Here are the final graphics that characterize our two read-out systems. More details can be found in the notebook section.
For RO1 :
So we can see that there is a decrease in RFP expression when TRP is added. Therefore, we can admit that our Trp op is functional. We considered the characterization for this part done.
For RO2 :
This experiment was done in LB medium. All cells were normalized to an OD's of 0.2 before adding inducers which were put into the liquid culture just before the measurements. The concentration of Tryptophan was 0.9 mg/ml and the concentration of Anhydrous Tetracyclin was of 50 ug/ml.
Here are the result from the machine (qPCR).
Here is an average signal for each condition as we had 4 measurements for each state
A last picture shows the relative difference between the signal from cells with Trp or ATC and the signal from the cells' background fluorescence.
This confirms that our construct responds both to Trp and ATC and shows the characteristics we expected.Therefore, we can suppose that both the Trp op and the Tet op are functional and that we can use this part in order to see if the LovTAP is functional.

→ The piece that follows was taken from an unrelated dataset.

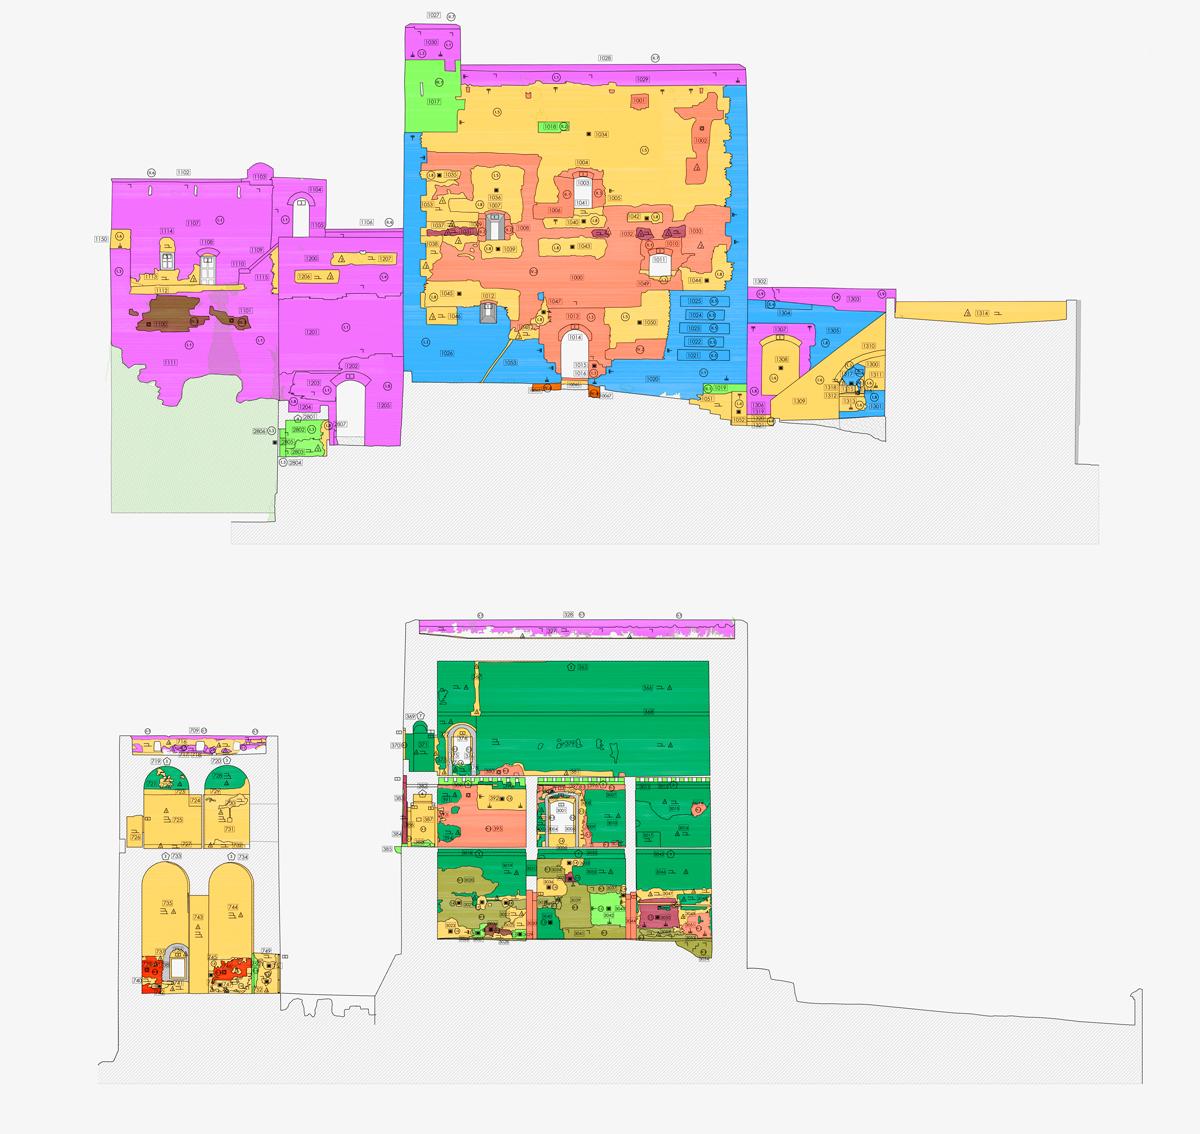 estudios-obras-documentaciones-tecnicas-Torres-Bermejas-Granada-Alhambra-analisis-parietal-estratigrafico-2-licitacion-memorias
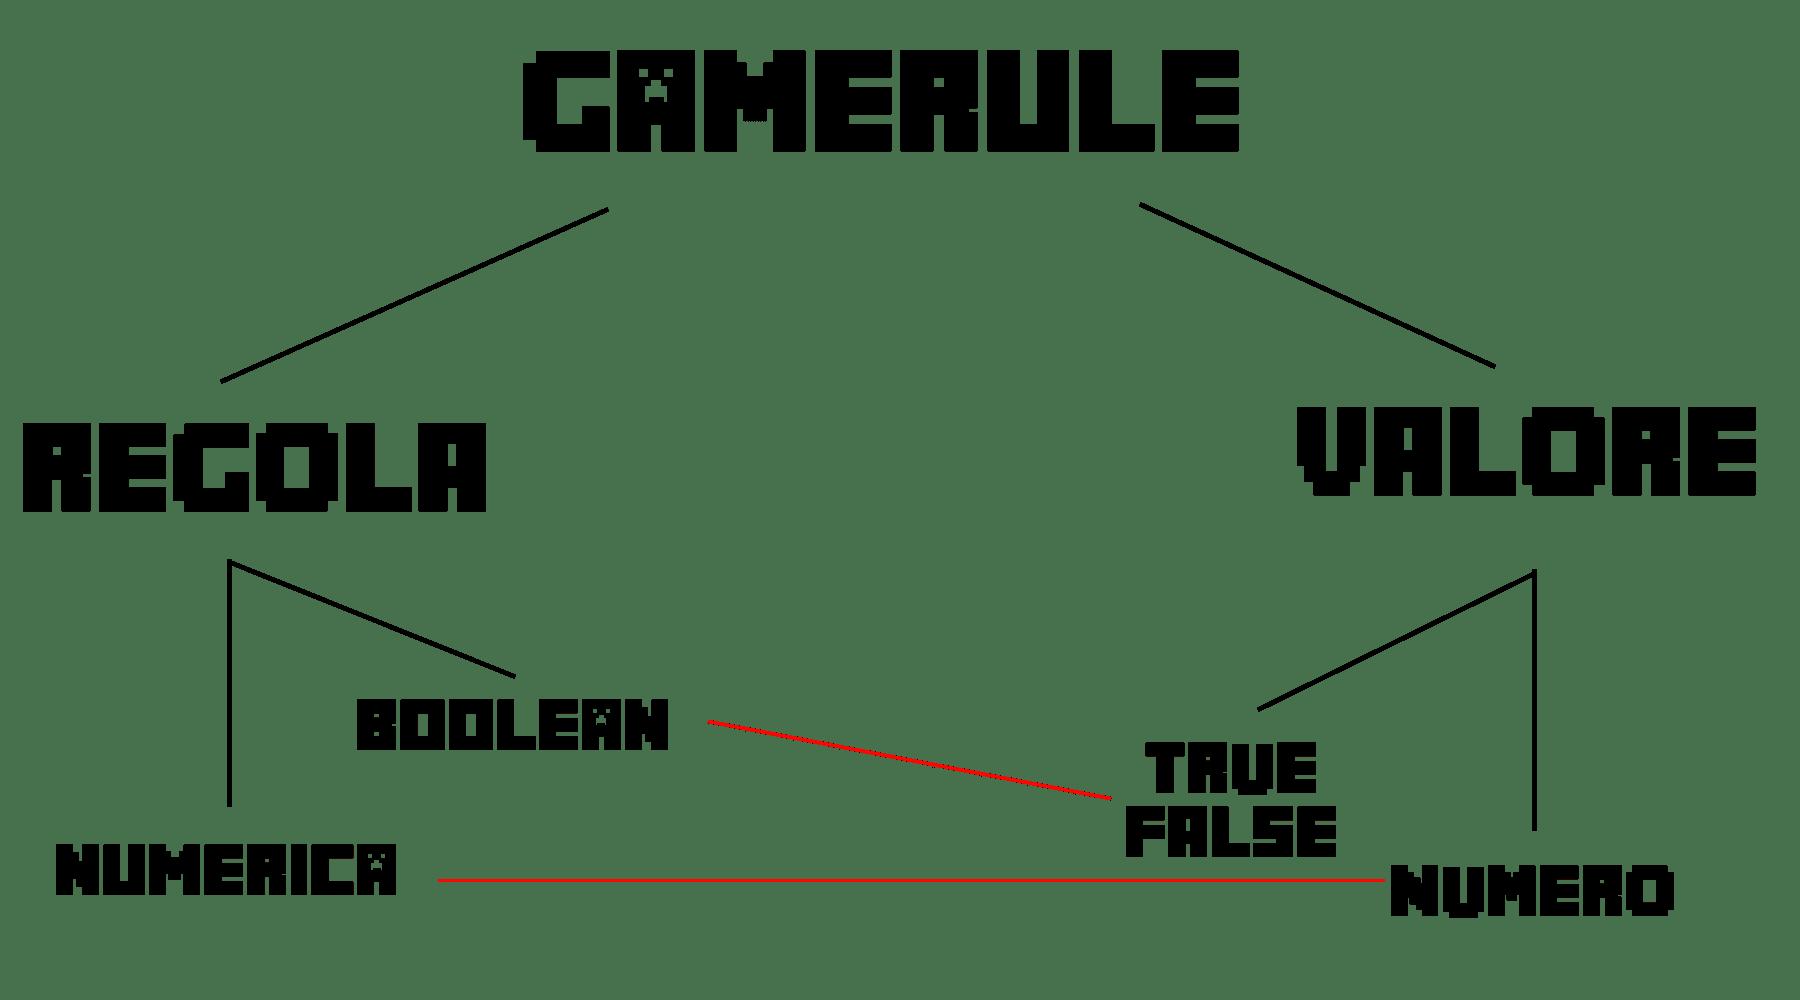 Piccolo schema riassuntivo sul Comando Gamerule, che riassume il suo meccanismo di dichiarazione dei valori delle regole.

Characterization of the entire system
Now that we have characterized the read out systems, we were able to see if the LovTAP protein would show the same pattern of response when illuminated as when we added Trp to the medium. The first result we obtained after an illumination of the entire system was the following :
We can see that our system mimicks the response with TRP, which is exactly what we wanted.
We first did one static measurement of fluorescence. For the + light condition we exposed the cells to the light for 2 hours.
Then we wanted to see the time course of the induction : when is the RFP expressed, how etc.
It appears that this actually happens during the first hour.
Mutations
We used two different mutations in our project.
First we used some E. coli strains that had their Trp promoter mutated.
Then we used some strains we modified to test the results we had in the modeling session.